Extracted data entries
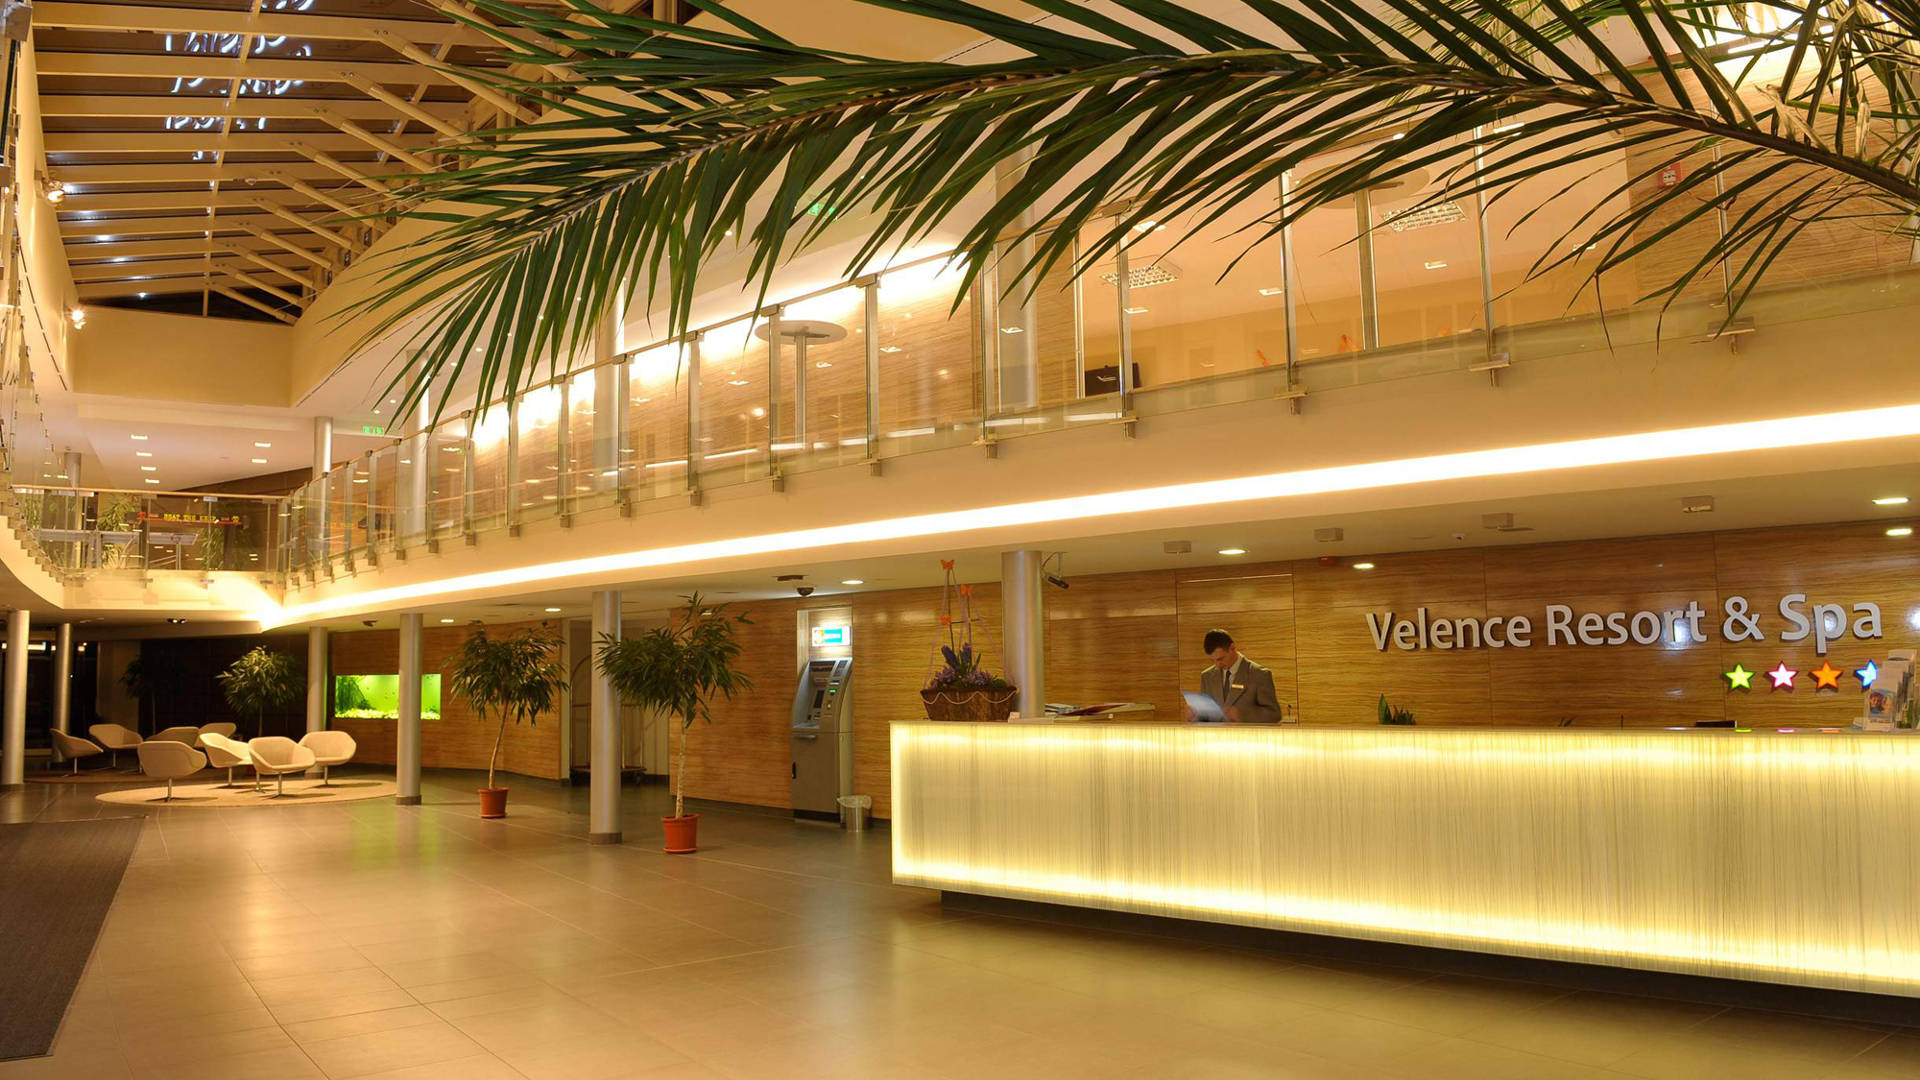 Velence Resort & Spa - A lobby
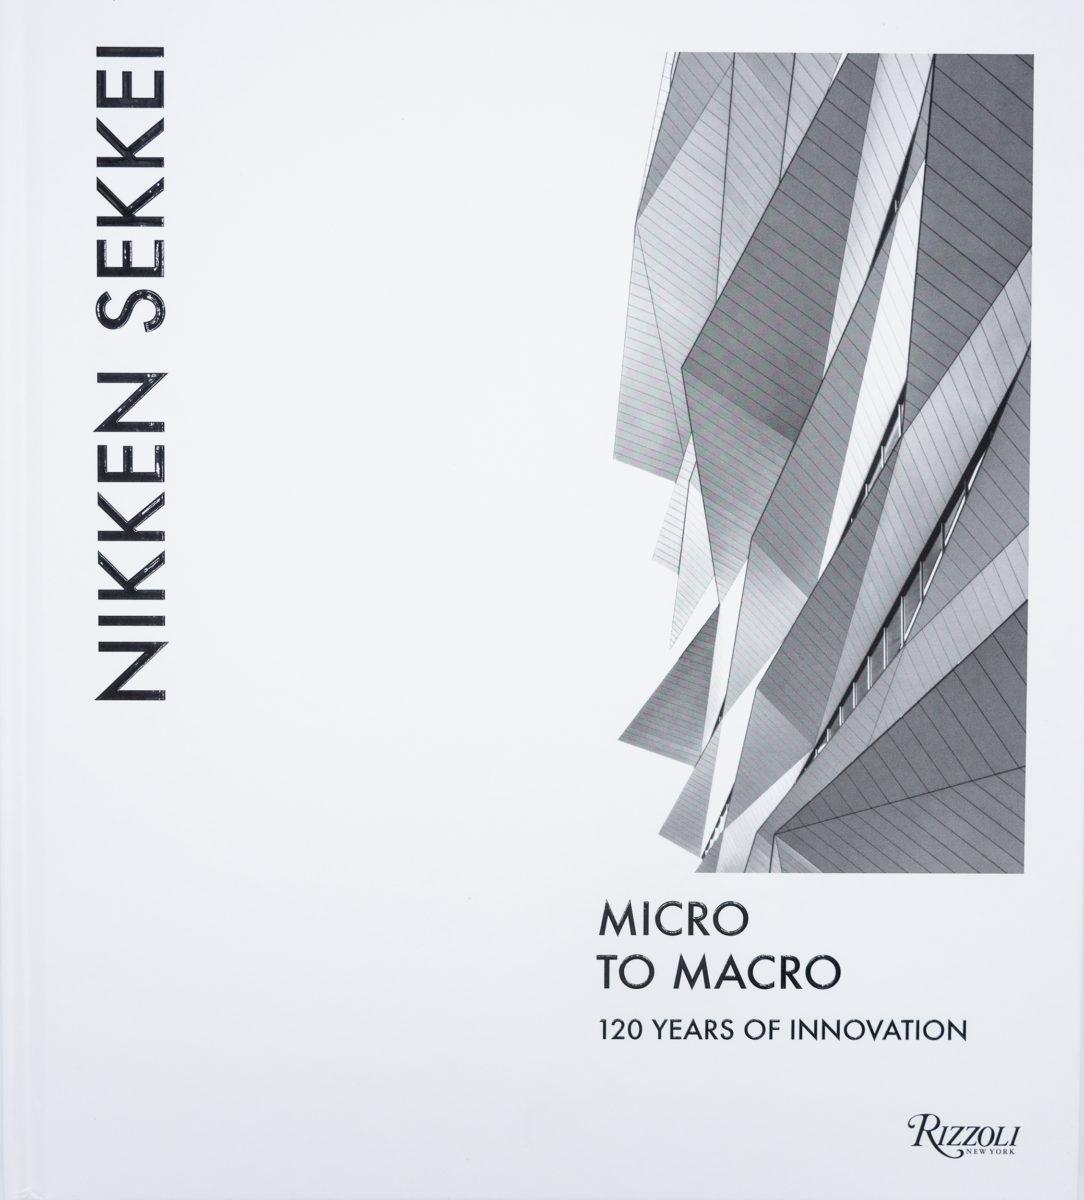 Nikken Sekkei , Micro to Macro, 120 years of innovation
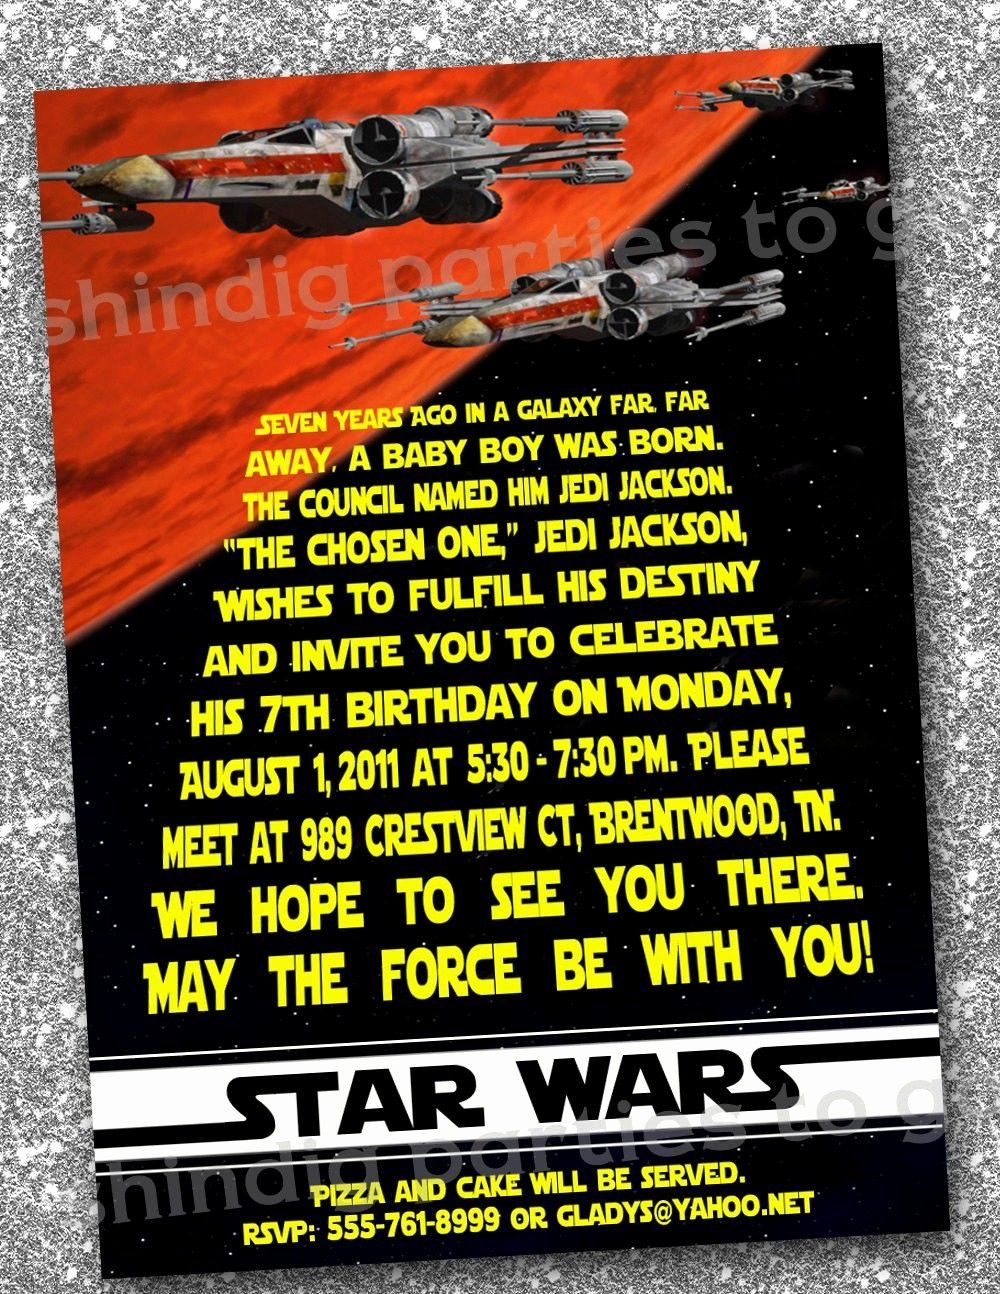 Printable Star Wars Birthday Invitations Beautiful Star Wars Birthday Invitations Templa Star Wars Invitations Star Wars Birthday Invitation Star Wars Birthday
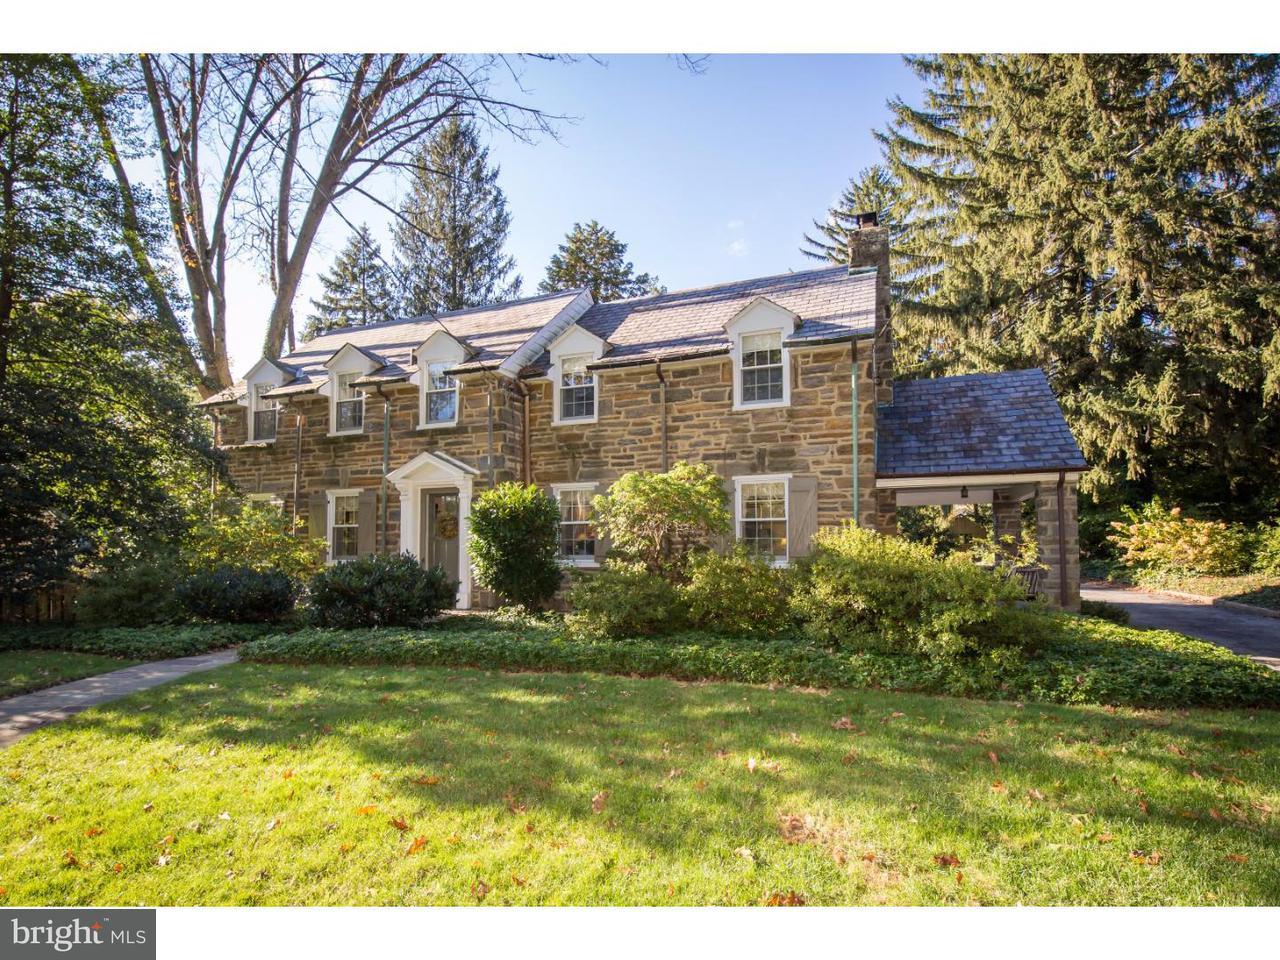 Single Family Home for Sale at 525 E MERMAID Lane Wyndmoor, Pennsylvania 19038 United States
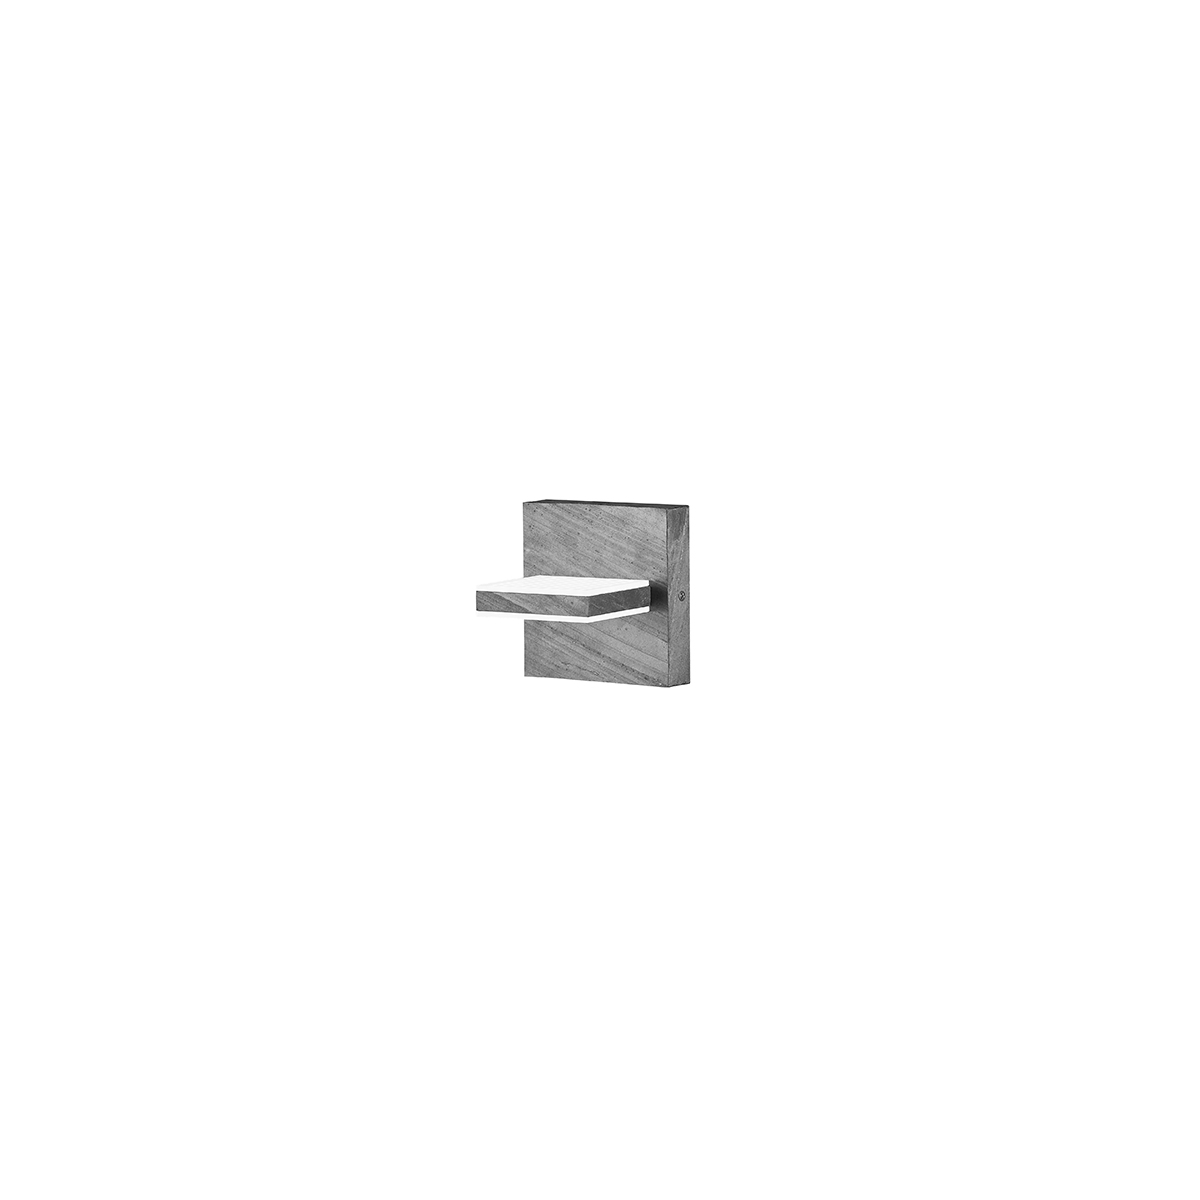 Bankamp Linea Stone LED Wandleuchte 4304/1-75

Problem requirements: The records above are to be restated exactly, with all pictures omitted.

Exercise output:
 Velence Resort & Spa - A lobby
 Nikken Sekkei , Micro to Macro, 120 years of innovation
 Printable Star Wars Birthday Invitations Beautiful Star Wars Birthday Invitations Templa Star Wars Invitations Star Wars Birthday Invitation Star Wars Birthday
 Single Family Home for Sale at 525 E MERMAID Lane Wyndmoor, Pennsylvania 19038 United States
 Bankamp Linea Stone LED Wandleuchte 4304/1-75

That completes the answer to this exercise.